More Than Just Books

Doreen Munsie
4 min readSep 27, 2021

One of the most popular books of 2020, that’s still on this year’s bestseller lists, is “The Midnight Library” by Matt Haig. It’s the story about a woman who is given the ability to try other versions of her life with the help of a wise librarian and a magical library. Perhaps it’s a supernatural metaphor for how libraries can change lives.

The power of libraries and the human connections they provide are featured in three more 2021 books.

“Cloud Cuckoo Land” by Anthony Doerr

Anthony Doerr’s new book, “Cloud Cuckoo Land”, which he dedicates to “the librarian then, now, and in the years to come,” is a story about caring deeply for something and preserving it with passion.

Six-and-half-years after the phenomenally successful, Pulitzer prize-winning, “All The Light You Cannot See”, Anthony Doerr is back this month with another tome, 600 pages, and once again interconnecting the stories of young protagonists.

In 2015, my local library brought Doerr to speak to a standing-room-only audience at the high school. He expressed his fascination with radio technology and explained how that curiosity led him to explore the underlying premise of that book — the power of voices transmitted to strangers.

In the forward of “Cloud Cuckoo Land”, Doerr explains that he now focuses on his deeper passion for the book as the transmitter of information, as the preserver of the voices of the past, which outlive us and come to life. Like magic.

He invents a manuscript about seeking a utopia in the sky and creates characters who care for it throughout history. They are children, past, present, and future, who are united by a book, and who are trying to navigate their different worlds. From ancient Istanbul to an interstellar spaceship, these resilient outsiders find meaning and hope in the challenging threats and dangers of their societies.
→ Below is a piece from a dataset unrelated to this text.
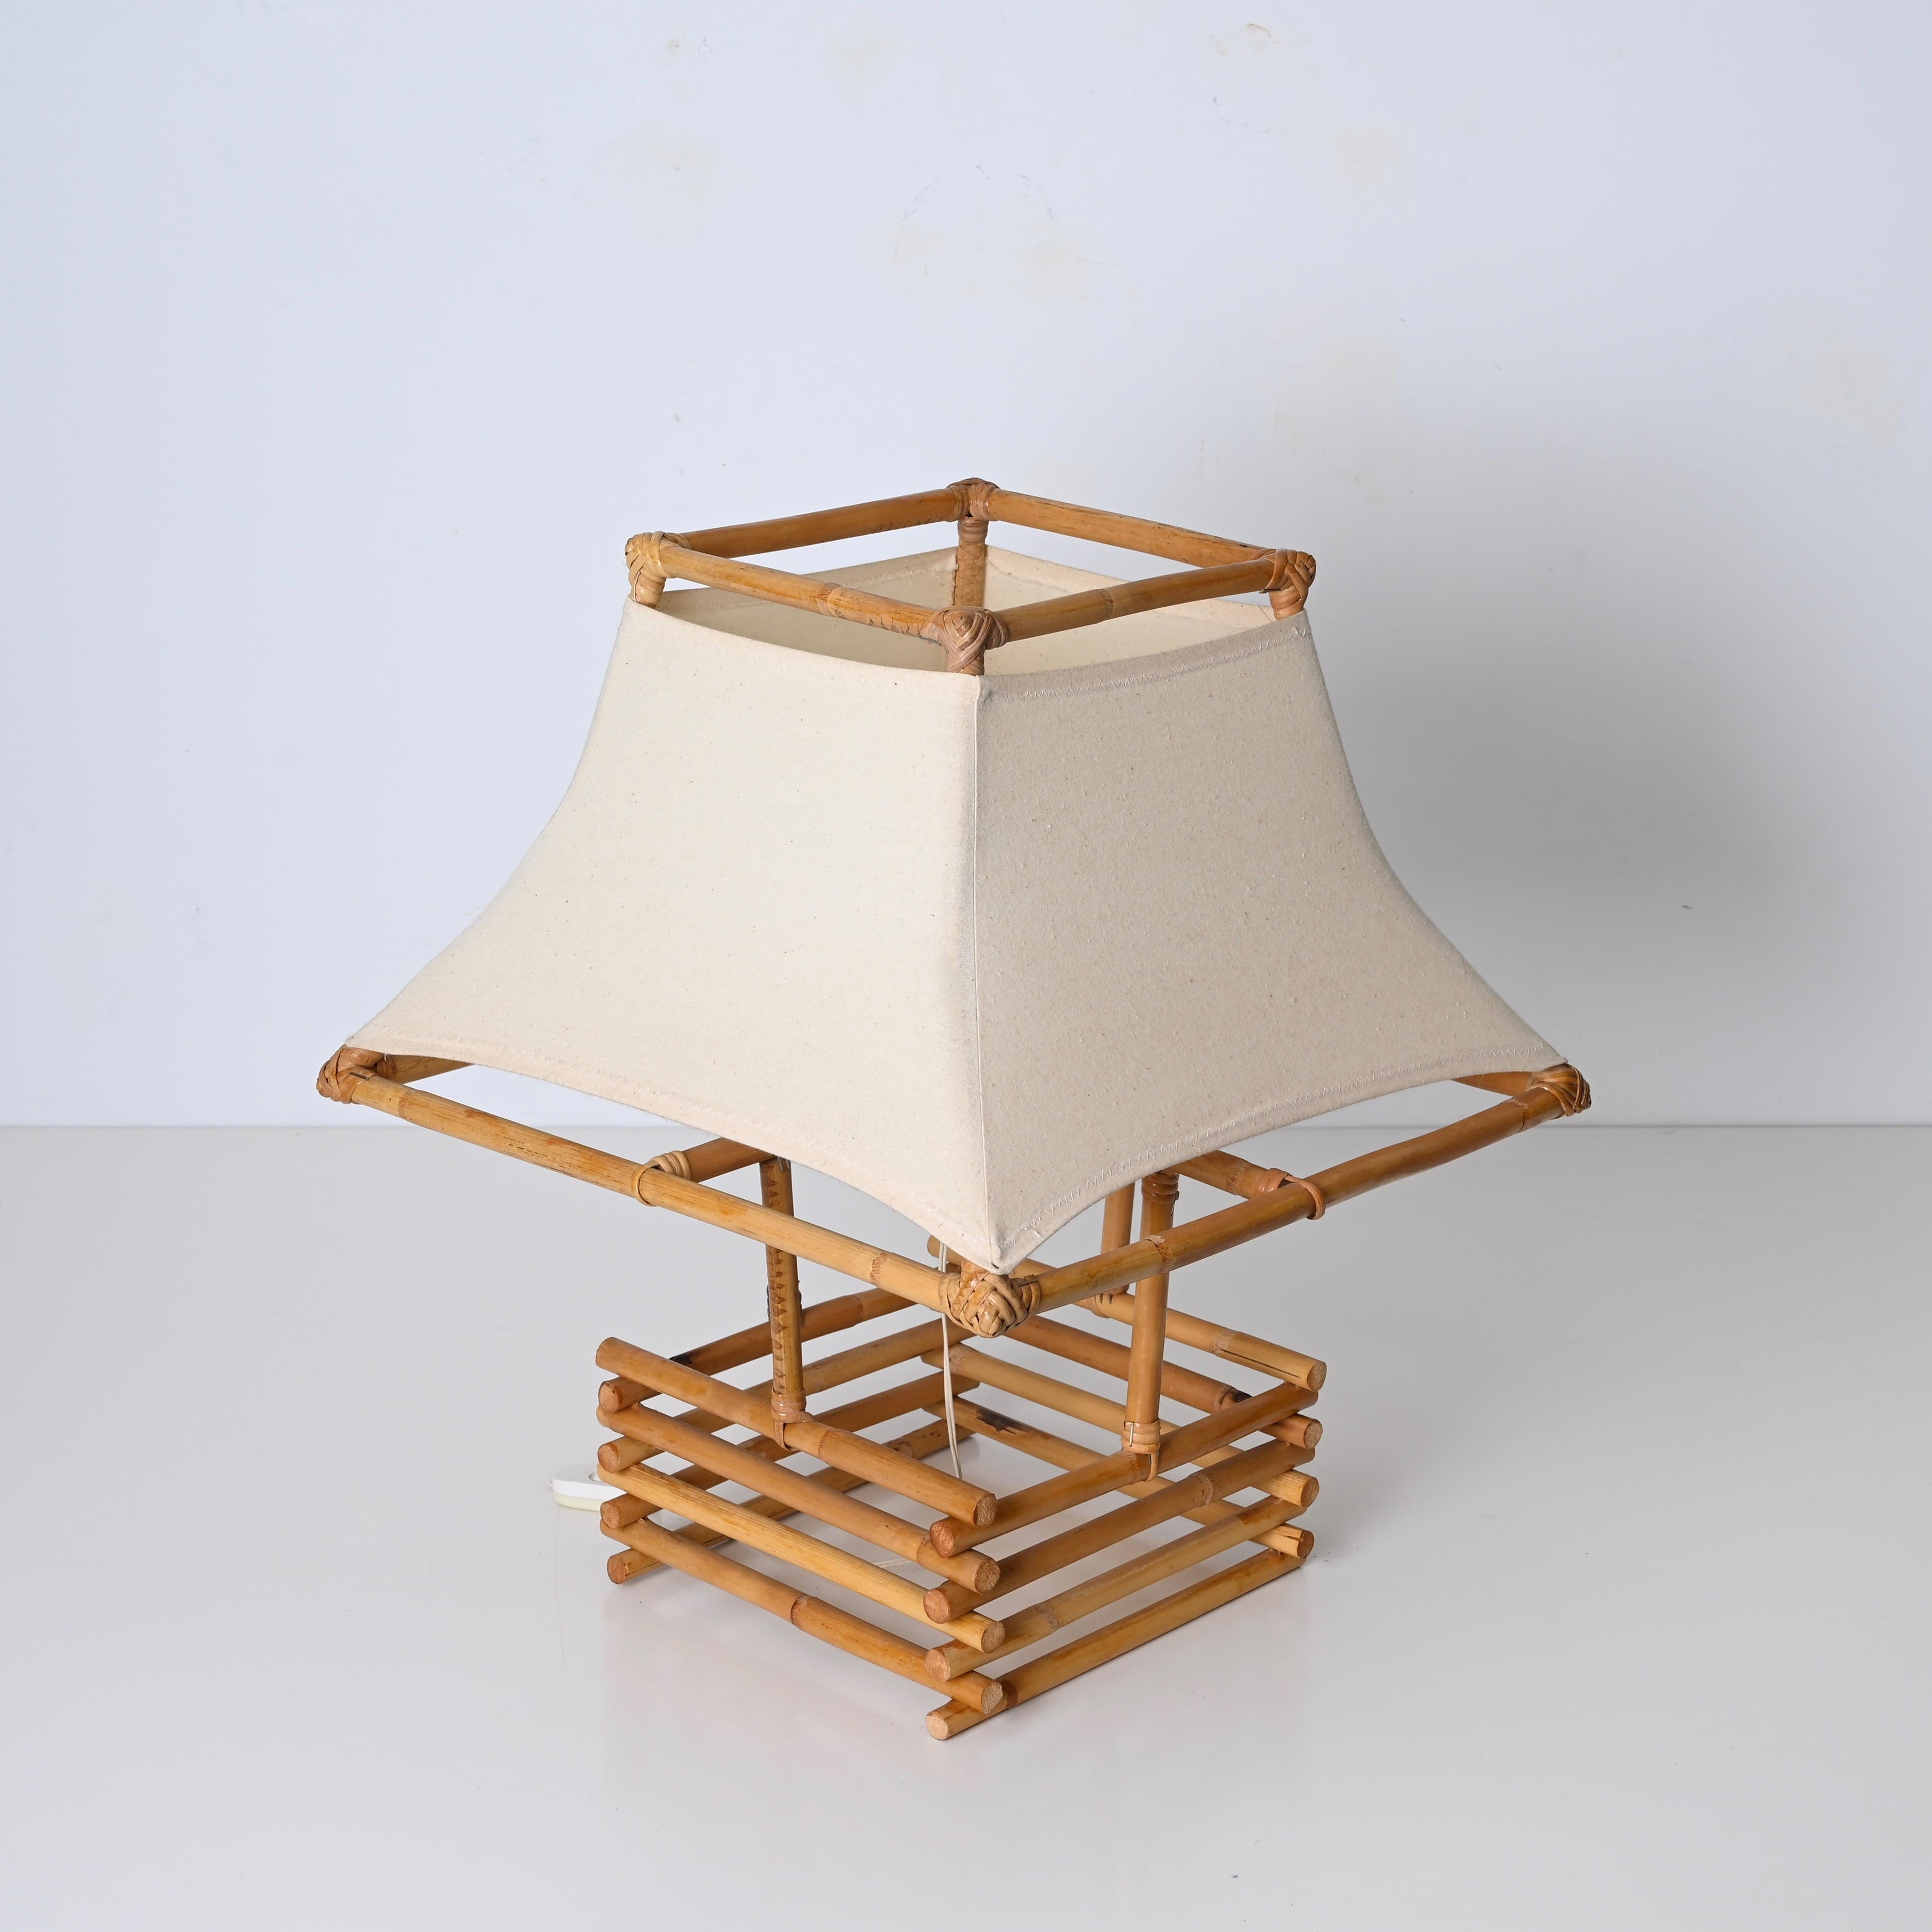 Louis Sognot Rattan, Wicker and White Fabric Table Lamp, France 1960s For Sale 1

It’s an ambitious imaginative journey through a somewhat challenging maze of parallel intertwining story threads. He creates a grand tapestry of ages and places exploring themes of society, pandemics, the environment, and libraries.

Judging from Doerr’s beloved previous work, it may be different from what you expect or want, but it’s a valuable message of endurance, the significance of books, and a cautionary tale about preserving the planet that connects us all.

“The Personal Librarian” by Marie Benedict and Victoria Christopher Murray

This intriguing historical fiction is based on the little-known story of Bella De Costa Greene, the personal librarian to financier J.P. Morgan. She curated a rare and world-renown collection of books, manuscripts, and art, which has evolved to become The Morgan Library & Museum in New York.

De Costa was a trailblazing woman who defied the sexist constraints of the early 1900s. Her story is even more extraordinary as she was a black woman secretly “passing as white” in the time of Jim Crow segregation laws.

Adroitly navigating the exclusive circles of high society, she became one of New York’s most powerful women in the book and art world. Enduring personal sacrifice and the stress of hiding her true identity, she followed her passion and belief in the radiance of books.

There are glossy romanticized storylines and other creative liberties the authors took which tend to happen with historical fiction. Nonetheless, this is a brisk read, an enlightening backstory to a prominent public cultural institution, and an interesting tale of an exceptional woman’s courage and tenacity to fulfill her dream.

“The Paris Library” by Janet Skeslien Charles

Earlier in the year, Janet Skeslien Charles’s “The Paris Library” became an instant bestseller. It’s based on the true story and some of the actual people and events of The American Library in Paris 1939 during WW II when the Germans occupied the city.

This is a simple story of dedication and the bravery of those who kept the library open during the war. In resisting the Nazis, their goal was to help their subscribers and share their love of what libraries provide to communities — respite, and even hope, especially during trying times. They made a statement, that in the spirit of learning, everyone was welcomed.

The courageous staff stays on during the war to provide reading material for soldiers, with the “Soldiers Service” operation sending 20,000 books to French, British and Czech troops.

In the author’s note, Charles doesn’t ask the reader to consider what they would have done in that situation, but asks us today “what we can do now to ensure that libraries and learning are accessible to all.”

Working part-time for my town’s library, I can vouch for the impact that libraries have on communities, and personally attest that librarians are a special breed. September is National Library Card Sign-Up Month. And, as the library rebounds from a recent destructive storm, it’s a good time to support and celebrate libraries as valued institutions that are more than just about books.